# Equipment Inventory System



## TechGeek (Jan 14, 2014)

Hey everyone,
I am trying to start up my own small equipment service company and need a software that I can make invoices and quotes in and also track my inventory. When I say small I mean SMALL like it is my friend and I running it small. However having all of the cables and lights and stuff I need a way to keep track of it. 

Any suggestions?? I use Ubuntu for my operating system which is hard to find things for...

Thank You!!


----------



## len (Jan 14, 2014)

If you're small (and who isn't when they start) find an off the shelf solution. Not only do you need inventory, you need a way to tag fixtures, etc. Asset tags with bar codes are easy to find online. Just use a MS Office product (like Excel) for inventory until you can justify buying a product that is more specific to our industry.


----------



## TechGeek (Jan 14, 2014)

len said:


> If you're small (and who isn't when they start) find an off the shelf solution. Not only do you need inventory, you need a way to tag fixtures, etc. Asset tags with bar codes are easy to find online. Just use a MS Office product (like Excel) for inventory until you can justify buying a product that is more specific to our industry.


I was thinking of using excel, but with barcodes how does that work?


----------



## len (Jan 14, 2014)

TechGeek said:


> I was thinking of using excel, but with barcodes how does that work?
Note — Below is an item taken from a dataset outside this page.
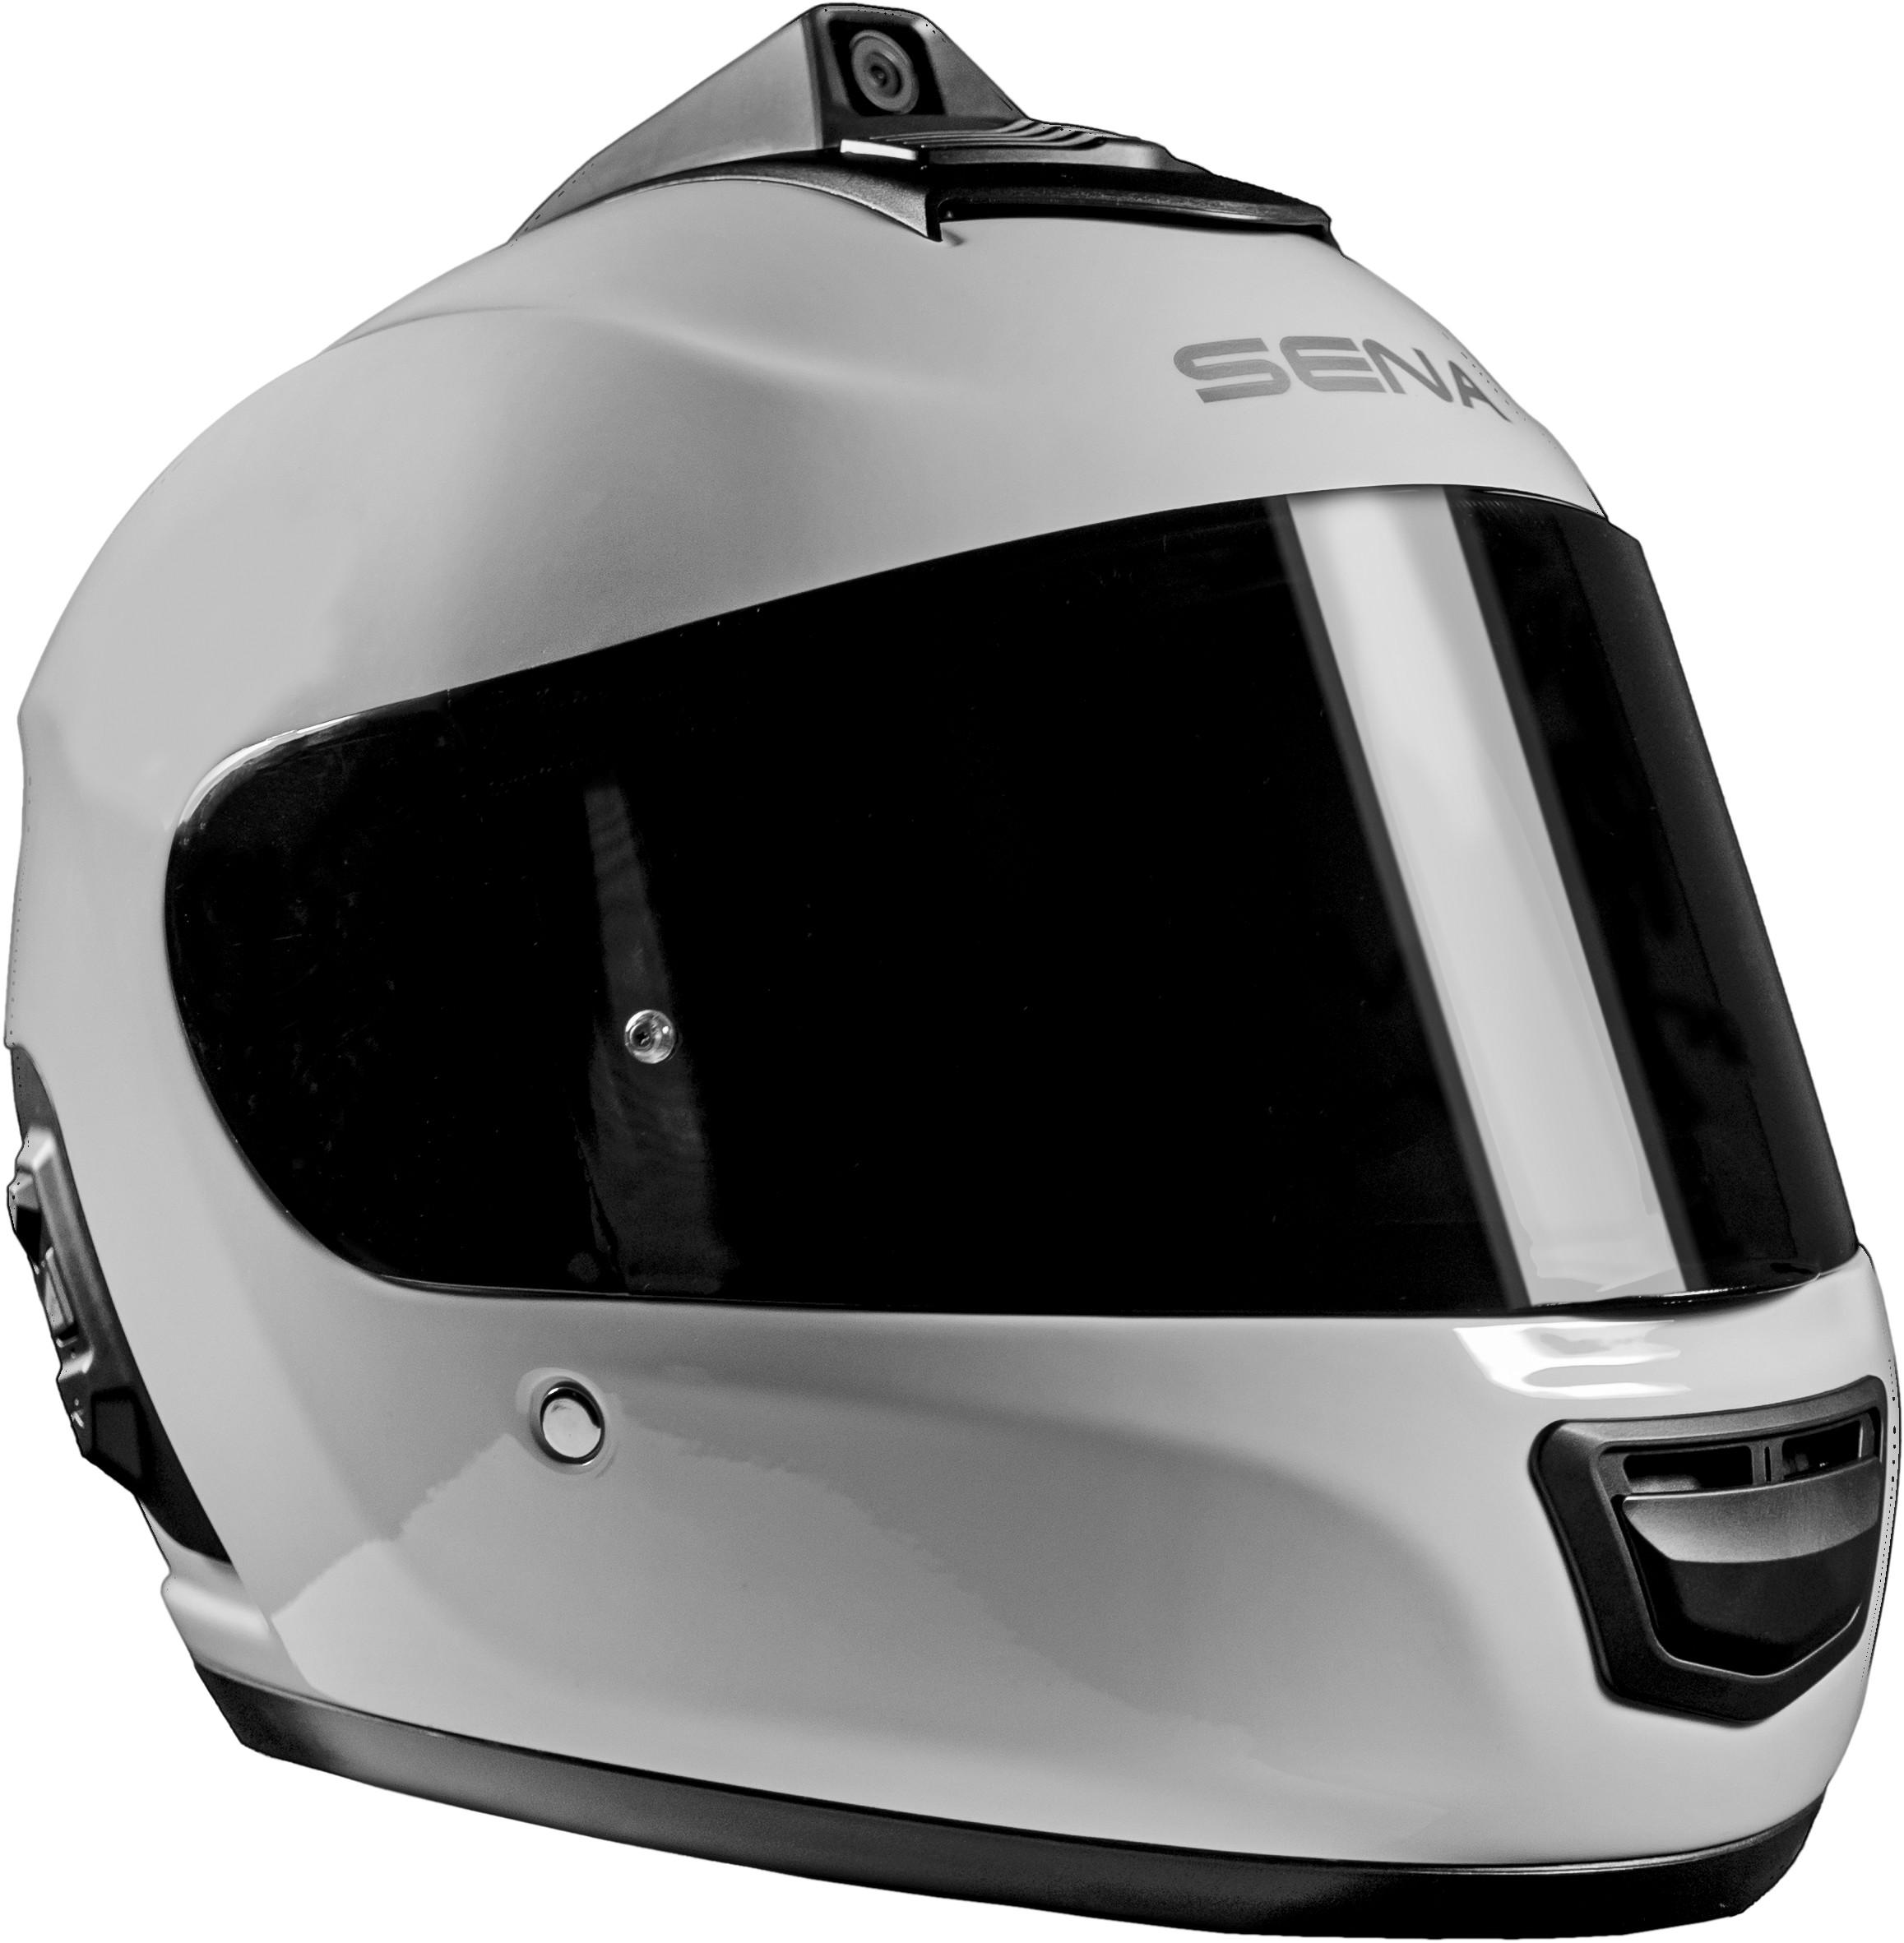 Sena Momentum Pro - Similar to Livemap Motorcycle Helmet
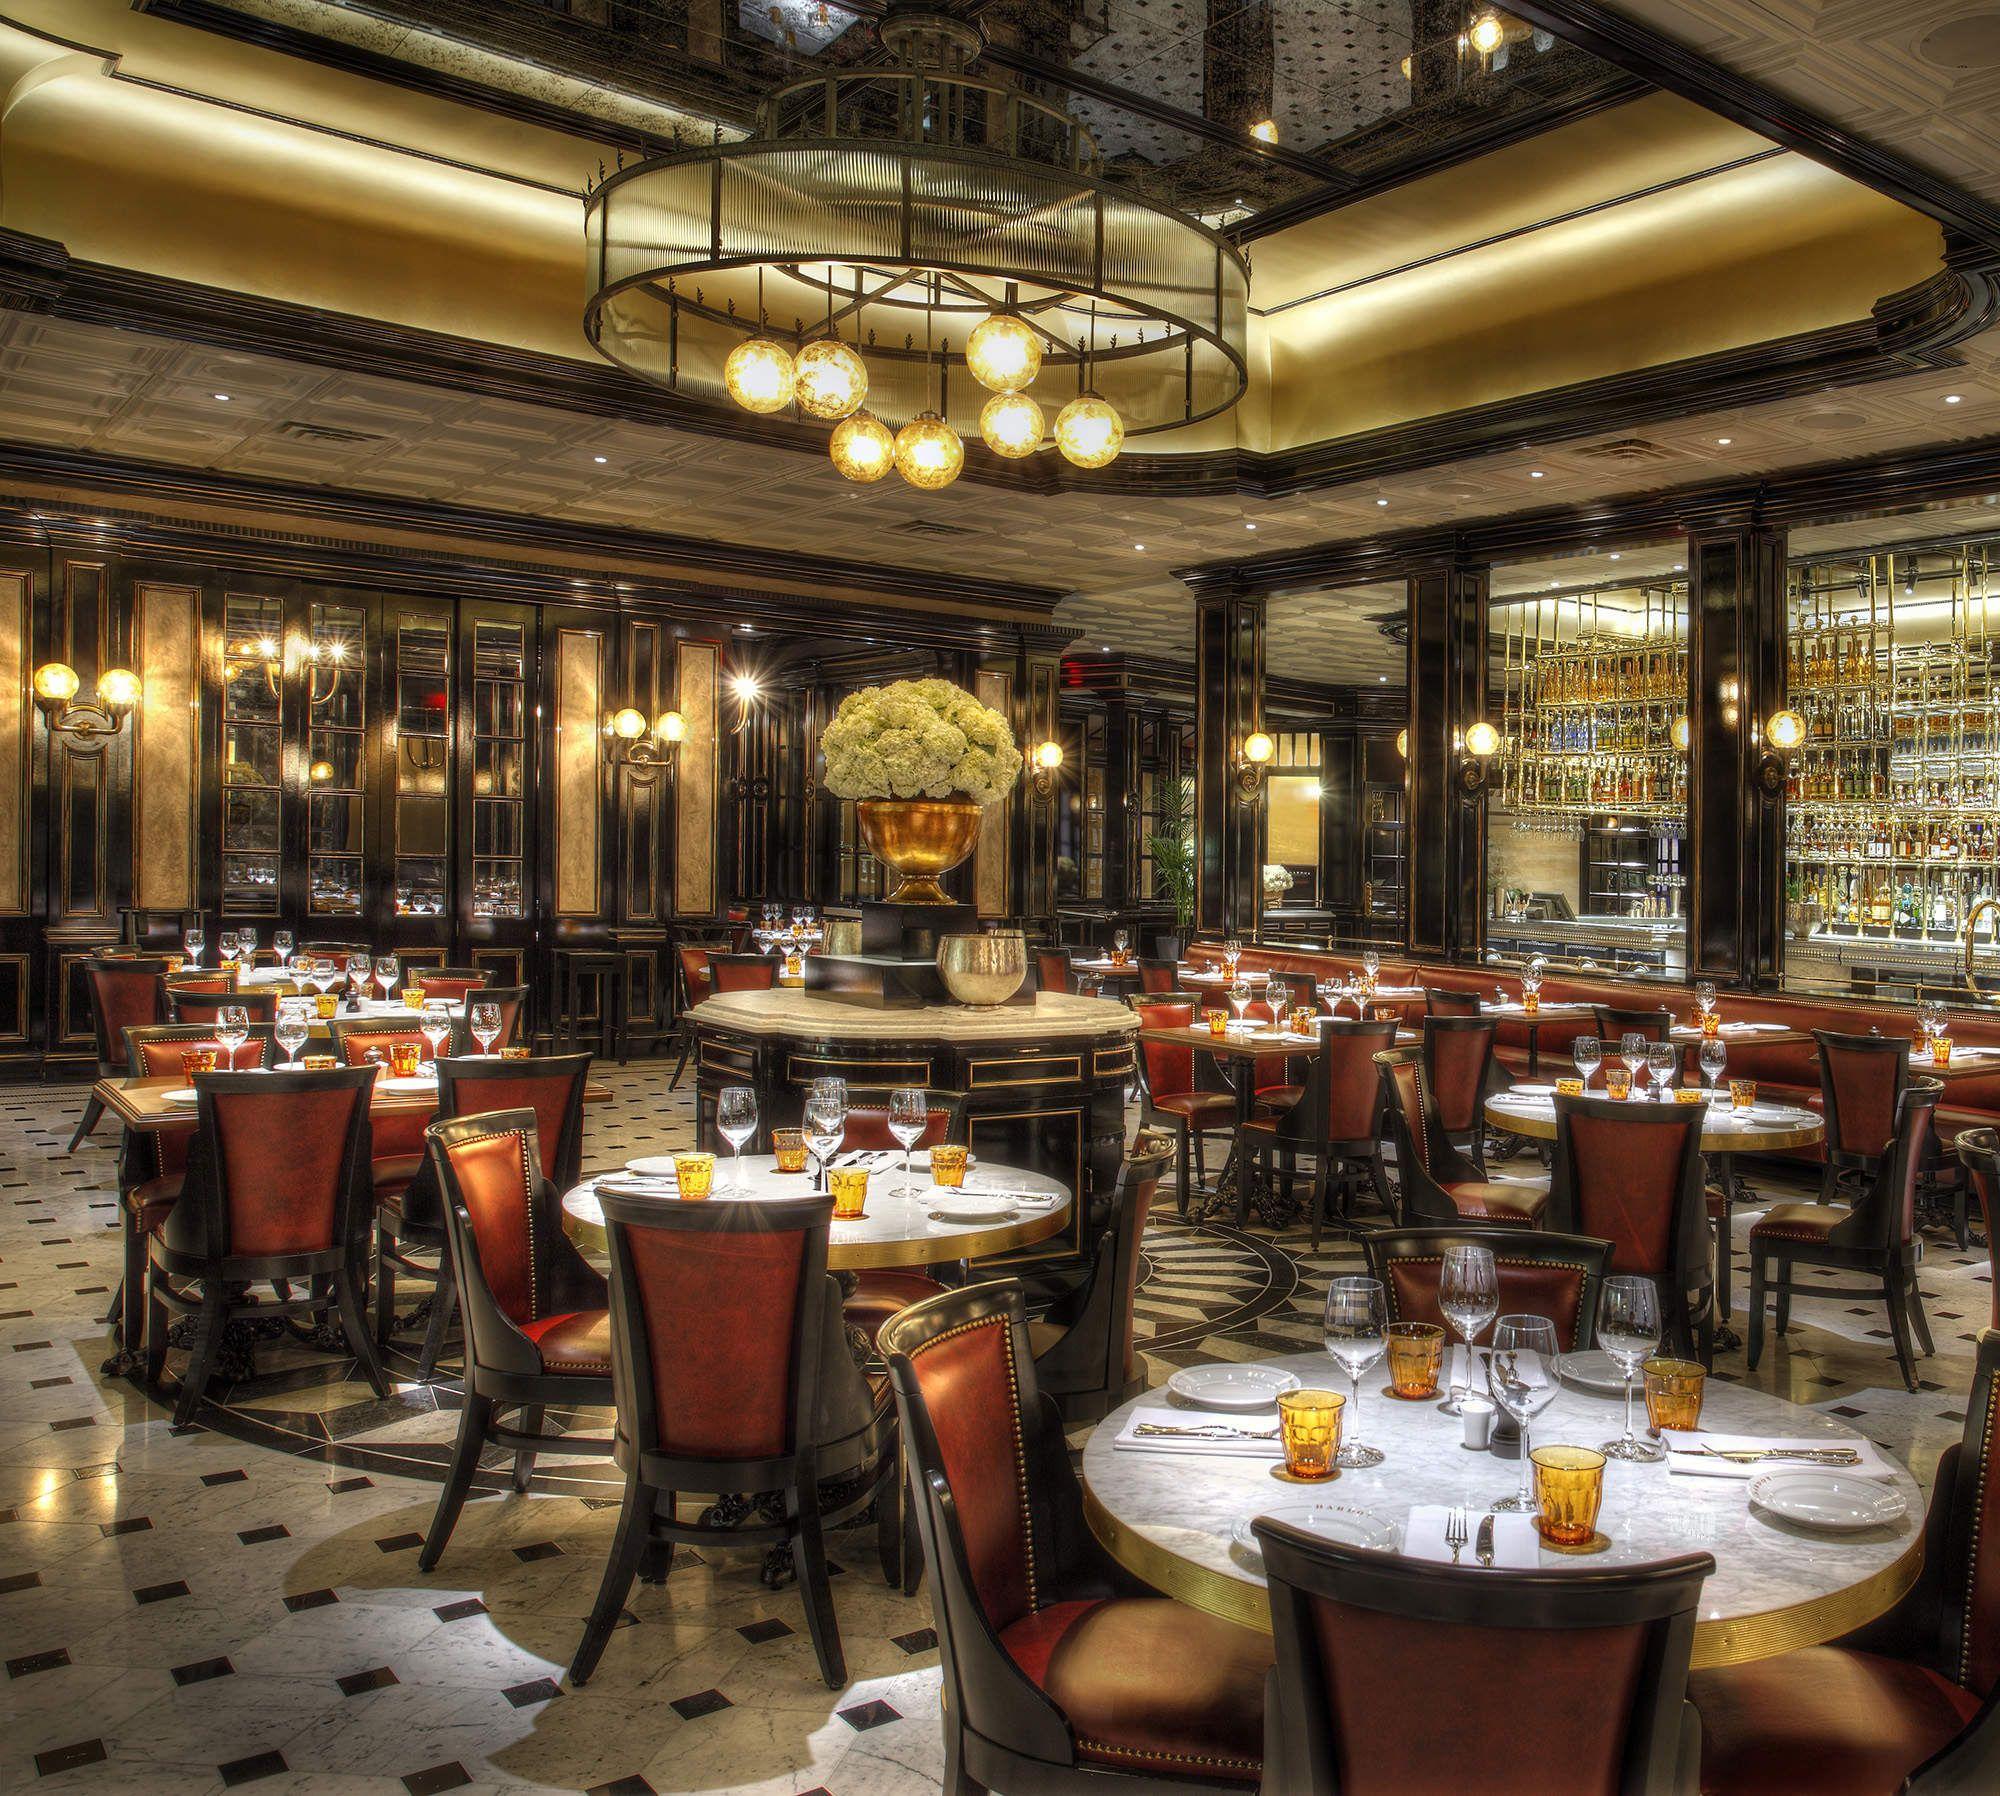 BARDOT Brasserie at ARIA... Thrillist's 11 Most Exciting New Restaurants on the Las Vegas Strip

It doesn't as far as I know. I could be wrong, I'm a Lotus fan. But a bar code is associated with a number, so you'd enter the number in a field, the item description, serial #, etc., in other fields. When you do upgrade to a system with bar code scanners then you should be able to import the data from Excel rather than re-entering all the data.


----------



## TechGeek (Jan 14, 2014)

len said:


> It doesn't as far as I know. I could be wrong, I'm a Lotus fan. But a bar code is associated with a number, so you'd enter the number in a field, the item description, serial #, etc., in other fields. When you do upgrade to a system with bar code scanners then you should be able to import the data from Excel rather than re-entering all the data.


 I'll have to play around and figure it out... Thanks for the suggestion though!


----------



## cbrandt (Jan 14, 2014)

Take a look at database software, that should let you use some sort of barcoding.

Seriously though, once you get beyond the amount of gear that you can keep in your head, or are doing more than one show at a time, you'll want to look at an off the shelf solution for this sort of thing.


----------



## TechGeek (Jan 14, 2014)

cbrandt said:


> Take a look at database software, that should let you use some sort of barcoding.
> 
> Seriously though, once you get beyond the amount of gear that you can keep in your head, or are doing more than one show at a time, you'll want to look at an off the shelf solution for this sort of thing.


 My main concern at the moment is something I can use to create invoices, at the moment I can probably track everything manually, the invoicing is my main priority versus tracking equipment.


----------



## len (Jan 14, 2014)

TechGeek said:


> My main concern at the moment is something I can use to create invoices, at the moment I can probably track everything manually, the invoicing is my main priority versus tracking equipment.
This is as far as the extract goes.